Lower down are entries containing pictures. Copy exactly, without those pictures, the lines from the line with "Dailyinshop Global Drone" through the line with "3689ec10f Sterling Silver".

DATA SHOWN:
* * * * *
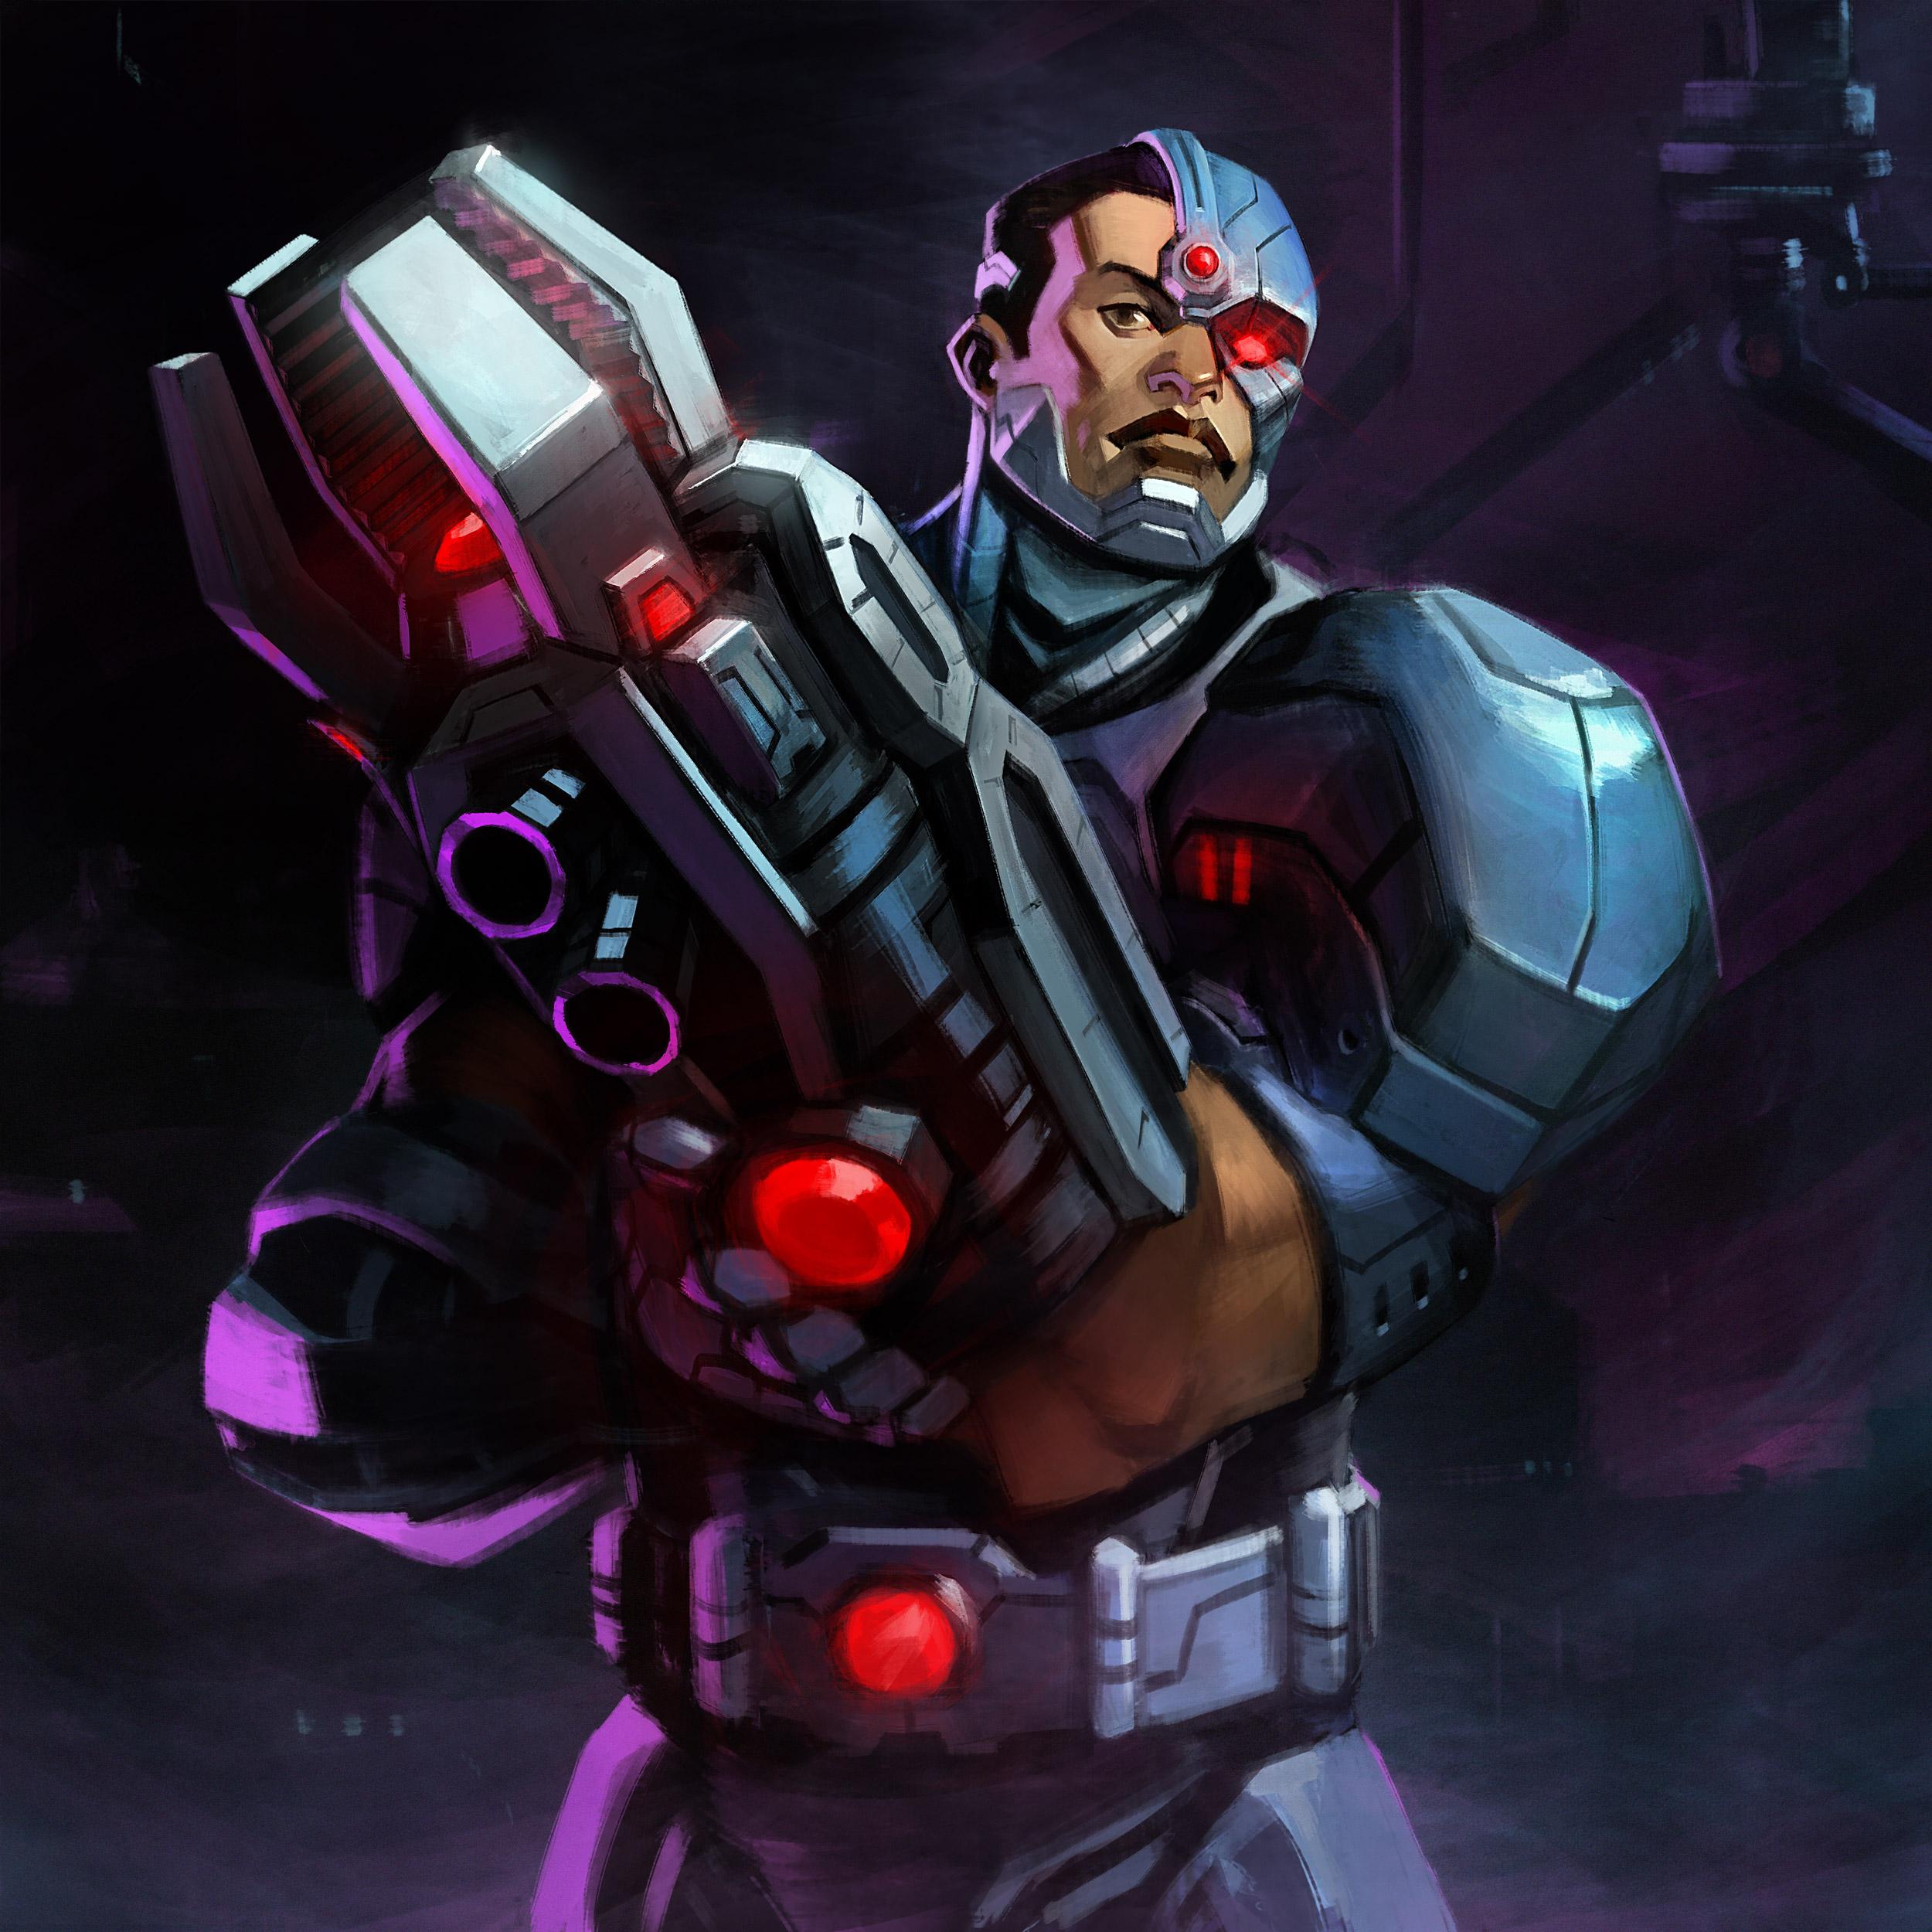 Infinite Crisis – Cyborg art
* * * * *
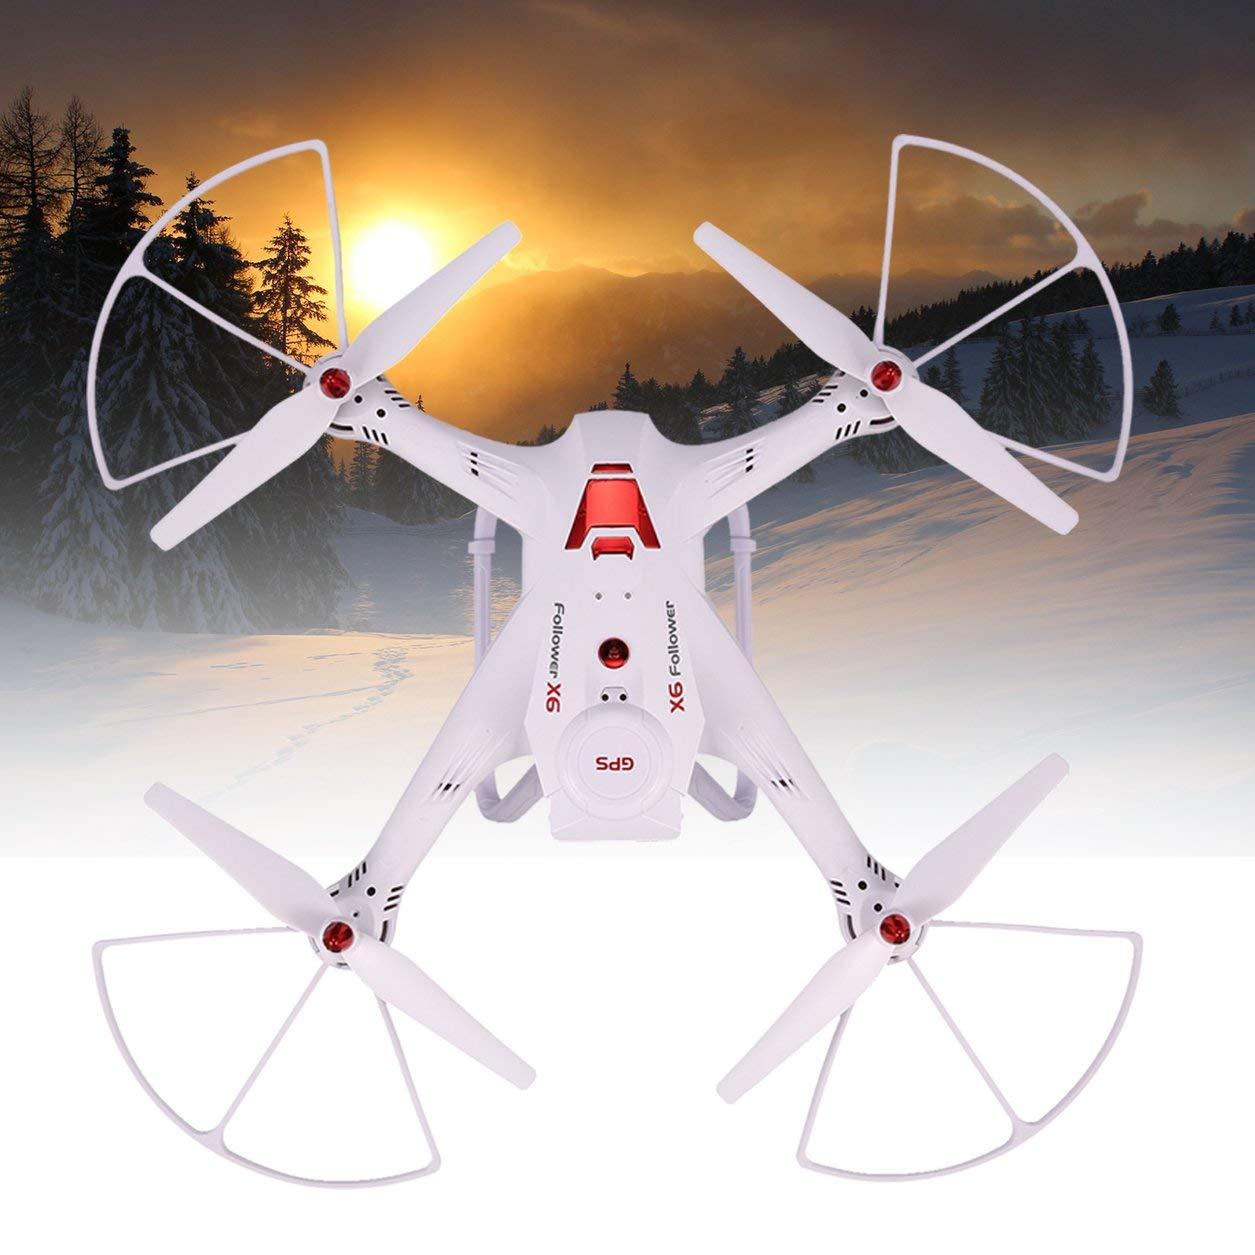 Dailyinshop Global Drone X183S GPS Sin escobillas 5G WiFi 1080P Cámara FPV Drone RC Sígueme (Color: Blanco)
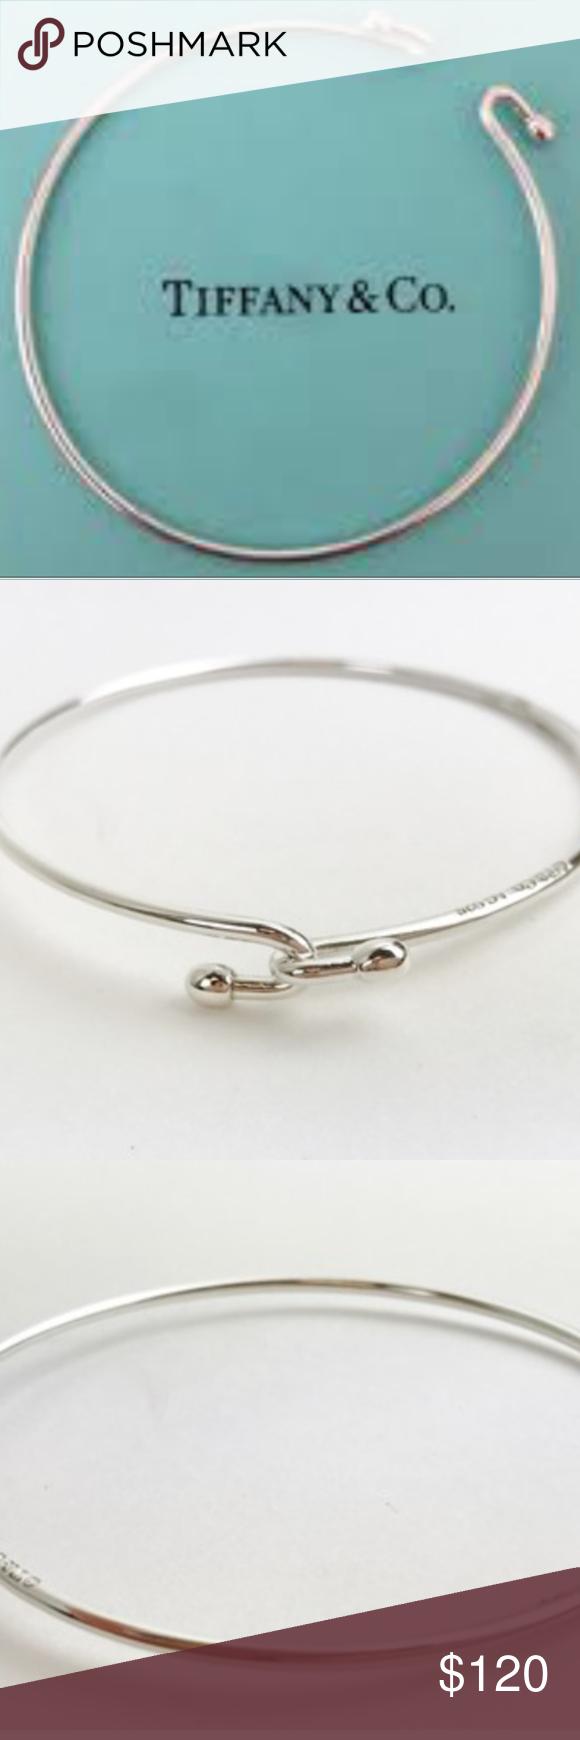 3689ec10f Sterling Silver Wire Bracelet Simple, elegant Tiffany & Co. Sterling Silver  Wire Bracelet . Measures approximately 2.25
* * * * *
COMPLETED EXERCISE:
 Dailyinshop Global Drone X183S GPS Sin escobillas 5G WiFi 1080P Cámara FPV Drone RC Sígueme (Color: Blanco)
 3689ec10f Sterling Silver Wire Bracelet Simple, elegant Tiffany & Co. Sterling Silver  Wire Bracelet . Measures approximately 2.25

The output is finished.